Dlatego od początku stara się chodzić na marsze KOD, zabiega o pieniądze dla portalu Koduj.24. — Są takie sytuacje, że nie można być artystą tylko dla samej sztuki. Bardzo duża część środowiska, tych arystokratów ducha, nie chce się angażować, ponieważ uważają, że nie będą się bili z byle kim. Nie chcą się zniżać do takiego poziomu dyskusji. Wiele osób my­śli, że to wszystko to albo sen, albo chwilowe zawirowanie — mówi latem zeszłego roku Mag­dzie Jethon.

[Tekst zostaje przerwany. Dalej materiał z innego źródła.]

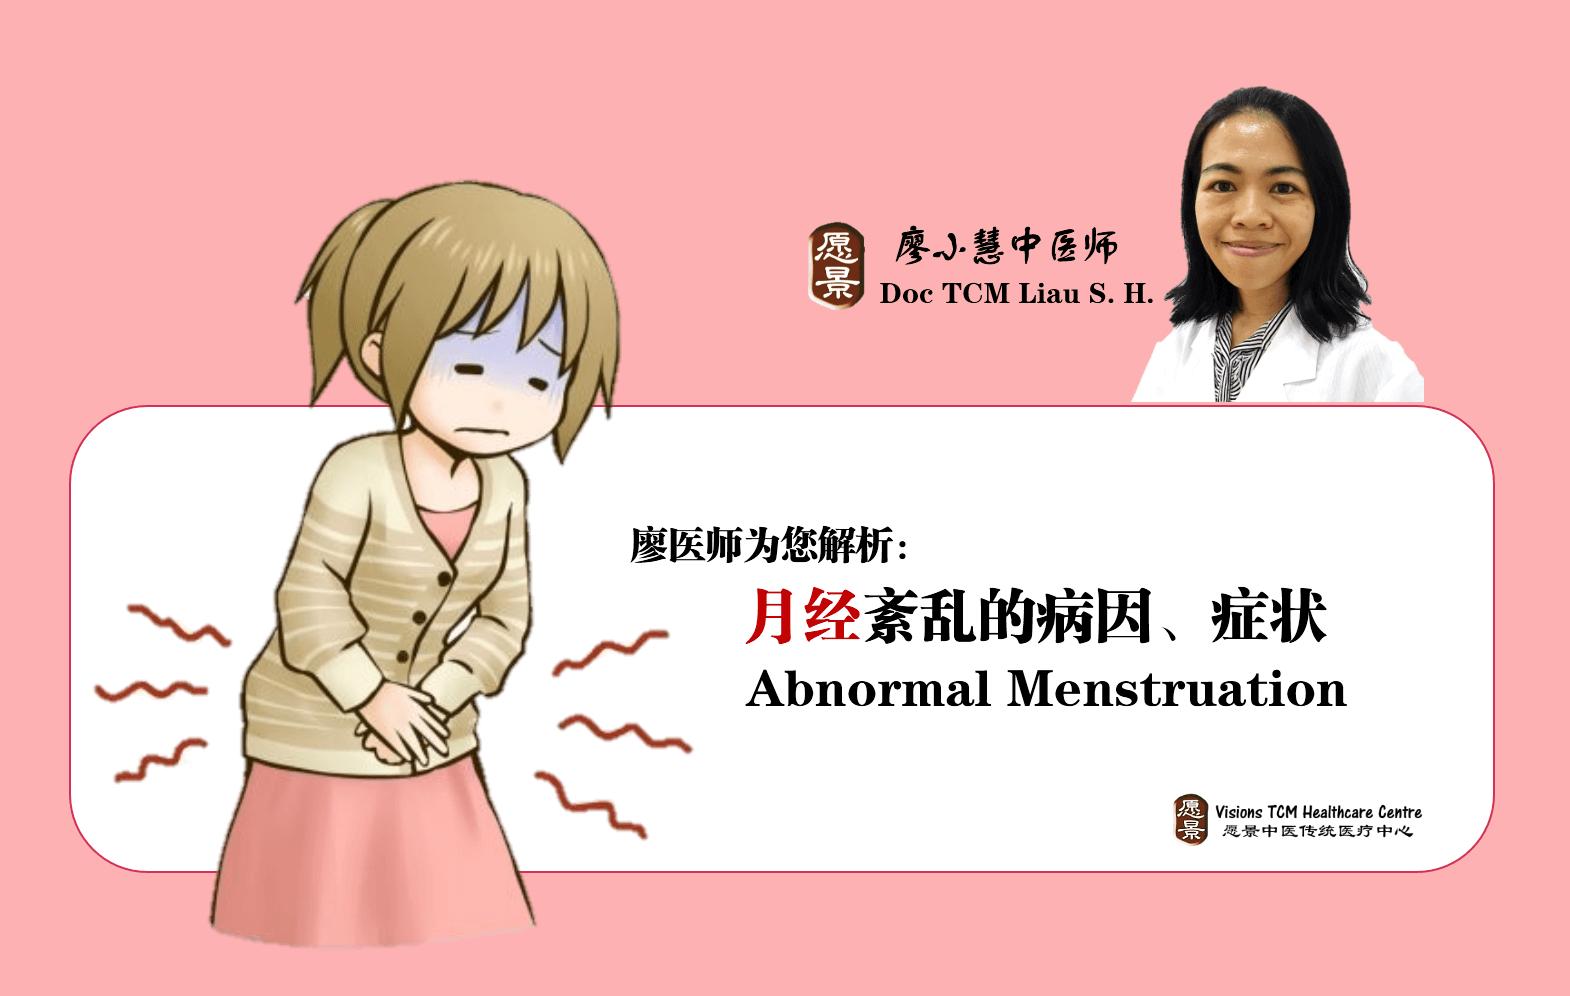 月经紊乱的病因以及症状/Abnormal menstruation – 廖小慧中医师

Niedługo potem Janda przypomina, co to obywatelskość, tym, którzy za kilka lat będą kształtowali polskie gusty, marzenia i aspira­cje. — Postanowiłam, pierwszy raz od 1989 ro­ku, przypomnieć, że artysta nie ma prawa mieć nic w dupie, jak oni to nazywają, za przeproszeniem — mówi na rozpoczęciu roku akade­mickiego w warszawskiej Akademii Teatralnej.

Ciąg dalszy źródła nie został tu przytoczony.